US reform may lift drug sales $35bn
By Christopher Bowe in New York
Financial Times; Jan 14, 2003

Extending the US federal health scheme for the elderly to cover prescription
drugs could boost pharmaceutical sales by up to $35bn (£22bn) a year,
according to analysis of official data.

The long-debated move, which could be agreed by Congress this year, would
lead to a big increase in the usage of prescription drugs by the 14m elderly
Americans currently without cover.

Analysis by Goldman Sachs suggests it could increase sales of prescription
drugs by 25 per cent, or $35bn, though other forecasts are significantly
lower. Given the high margins that drug companies make on prescription
drugs, that could mean a windfall profit boost of up to $14bn a year.

Joan Woodward, a Goldman Sachs analyst, said extending the Medicare scheme
to cover prescription drugs "brings an 800-pound gorilla into the market".
The size of the potential windfall for drug companies is likely to increase
the pressure from Medicare for big price discounts.

CIBC World Markets argues that uncertainty over the size of discounts and
the increase in demand could mean the boost to sales would be only $5bn a
year. Even so, with average margins of 40 per cent that would still mean
$2bn of extra profits for the industry.

The increased sales would benefit all the world's leading drug companies,
for which the US is by far the biggest market. GlaxoSmithKline, for example,
generated 53 per cent, or $13.1bn, of its drug sales in the US in 2001.

President George W. Bush is due to present his proposal to extend Medicare
in his State of the Union address on January 28. Long-supported by the
Democrats, Medicare reform is now seen by Republicans as a key issue in the
run-up to next year's presidential election, despite budget concerns.

Apart from the sales boost, companies believe it would help improve the
image of the industry, which is widely blamed for rising healthcare costs.

-----

41m Americans lack insurance and costs are soaring: for Bush, reform becomes
a priority
By Christopher Bowe and Geoff Dyer
Financial Times; Jan 15, 2003

Bill Frist, the first practising doctor to be elected to theUS Senate since
1928, hasbeen known to spend his holidays conducting medical clinics in
African villages. He keeps a physician's bagin his office and on New Year's
day he helped to resuscitate three people involved in a severe car crash in
Florida. Supporters claim the Tennessee Republican perfectly embodies what
President George W. Bush likes to call "compassionate conservatism".

Recently elected as Senate majority leader, Dr Frist now faces a new
challenge for his medical dexterity: to usher through Congress a reform of
Medicare, the creaking system of health insurance that provides hospital
care but not prescription drugs for the elderly and disabled. The issue has
become one of the most pressing domestic priorities for Mr Bush as he
prepares to seek re-election in 2004.

Of the 40m pensioners on Medicare, about a third lack insurance that covers
their expenses on drugs, forcing many to skimp on important expenditures or
forgo treatment altogether. Analysts note that these same people are a
growing political force, especially in crucial states such as Florida.

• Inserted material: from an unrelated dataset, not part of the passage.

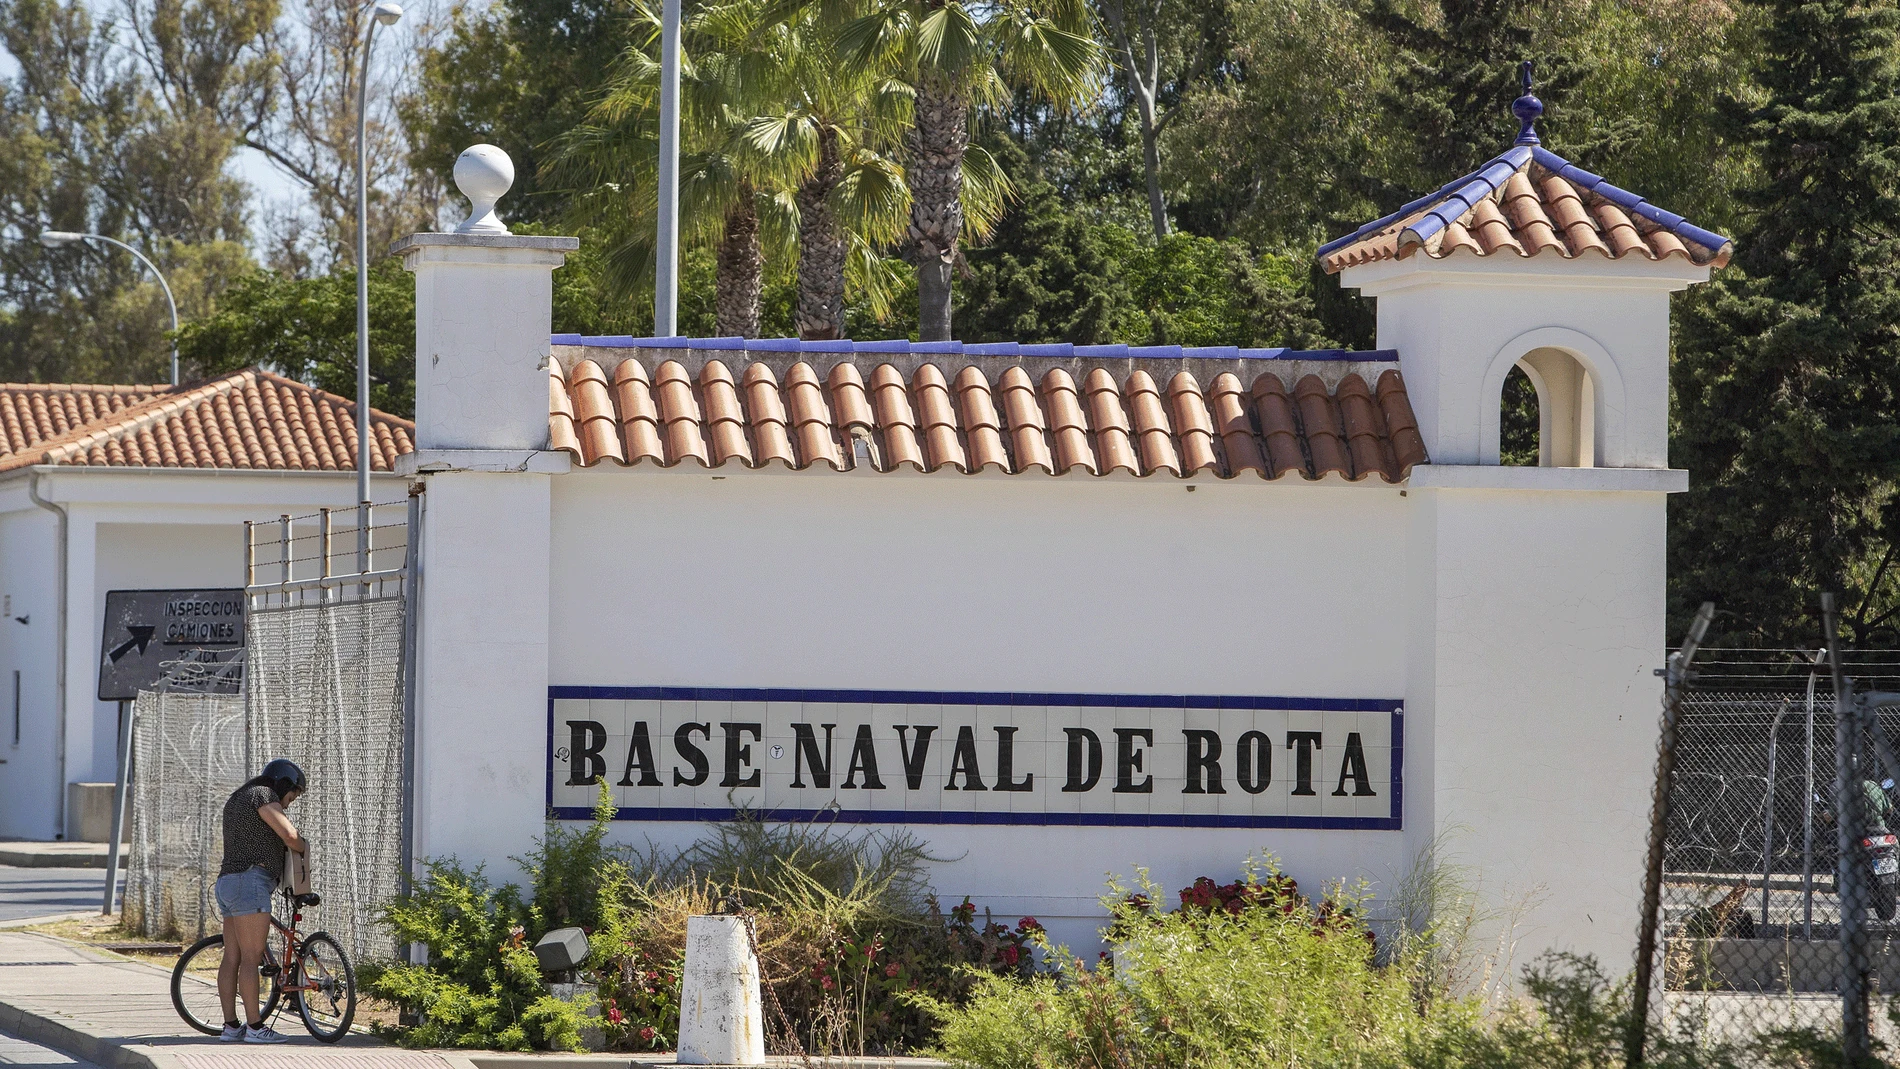 Base Naval de Rota

Although both Republicans and Democrats have long been committed to
including prescription drugs in Medicare, all recent attempts to revamp the
system have been bogged down by partisan infighting on Capitol Hill. But now
that Republicans control both houses of Congress, Mr Bush will find it
difficult to blame opponents if the stalemate continues.

"Bush and his political team know they absolutely need to enact something
before they face voters in 2004," says Joan Woodward, policy analyst in
Washington for Goldman Sachs. "If they don't, the Democrats will have him
for lunch."

Yet, while nearly every member of Congress has promised drug benefits to
elderly constituents, Medicare reform remains as complicated as it is
politically charged. The room for extra spending has been limited by a
slowing economy, a booming budget deficit and the president's own
tax-cutting plans. A war in Iraq could sap political energies, as well.

Not only must Mr Bush and Dr Frist overcome opposition from Democrats loath
to relinquish the limelight on one of their favourite issues but they must
also convince Medicare members that a new programme will not automatically
shift the costs on to them. Mr Bush will also be keen not to alienate the
huge pharmaceuticals industry, an influential lobby in Washington and a big
contributor to past campaigns.

Medicare is returning to the top of the political agenda amid a growing
perception of crisis in the US healthcare system. There are now about 41m
Americans without any health insurance at all and many companies are cutting
back the benefits they offer.

Yet a federal government report last week underlined that rising healthcare
costs, which slowed in the mid-1990s, are back with a vengeance. Total
spending jumped 8.7 per cent in 2001, the biggest increase since 1991, while
the cost of prescription drugs soared by 15.7 per cent to $140.6bn, making
it the fastest-growing component.

Healthcare spending now accounts for 14.1 per cent of US gross domestic
product and some estimates suggest it could rise to up to 24 per cent by
2011. While the left bemoans the huge gaps in coverage and rocketing drug
costs, the right complains that the US already spends more than twice as
much per capita on health as most other developed countries.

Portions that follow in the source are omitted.